I concur that the future of computing in the near future is 64-bit architecture. The base needs to be pure 64-bit.
Quote:
Remember that I created 64bit Slackware. Not Patrick. And when I created it, I edited every single SlackBuild script in the distro, creating them where missing (not every package was created by a .SlackBuild script back then) and made sure that every package would compile (some had not been recompiled for ages, nobodino will sympathize).

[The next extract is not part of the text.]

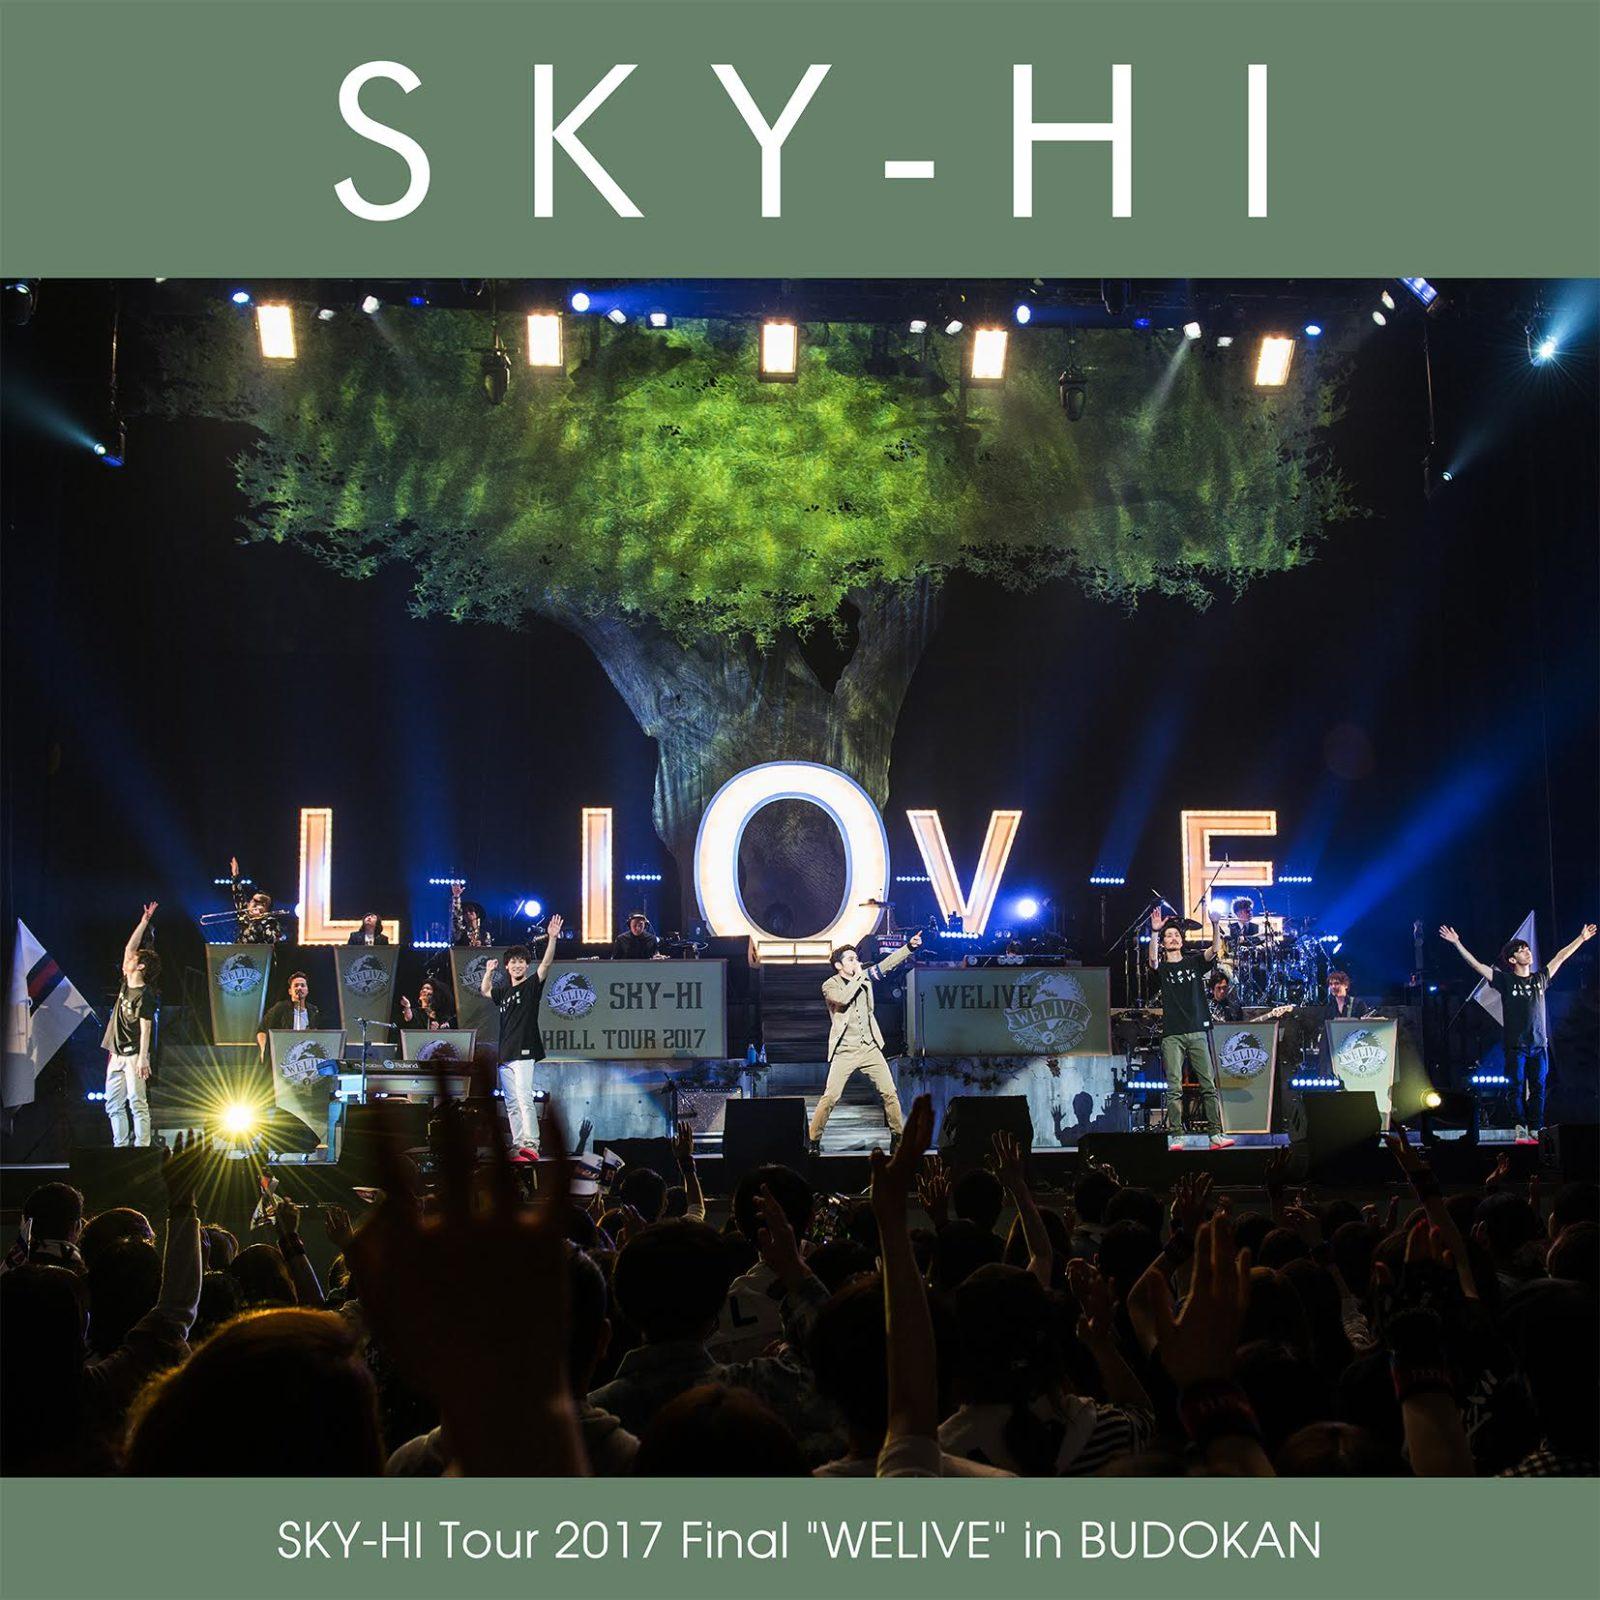 SKY-HI LIVE映像「カミツレベルベット」公開 & LIVE音源先行配信開始!サムネイル画像

At the same time, ensuring that a single .SlackBuild would be able to compile a 32bit package, and a 64bit package, without modification. Thus not doubling Pat's burden by having to maintain two disjunct distros but enable him to build the two (32bit and 64bit) package trees out of one single source tree.
from this post.
This was a massive effort, all the more remarkable for coming from someone lying in a hospital sick bed. The success can be judged from the Bluewhite64 and Slamd64 projects now being defunct.
Personally, I do not want multilib in Slackware64 by default or even in /extra.
Further, my requirement for 32-bit software support in my Slackware64 installs (to support printer hardware), is a personal need that I am willing to maintain manually. My grateful thanks to Alien_Bob for supplying the 32-bit compatibility packages that make this easy for me. Also, my appreciative thanks to the Slackware crew for the design decision that makes this a straightforward process.

Last edited by allend; 07-04-2018 at 09:24 AM.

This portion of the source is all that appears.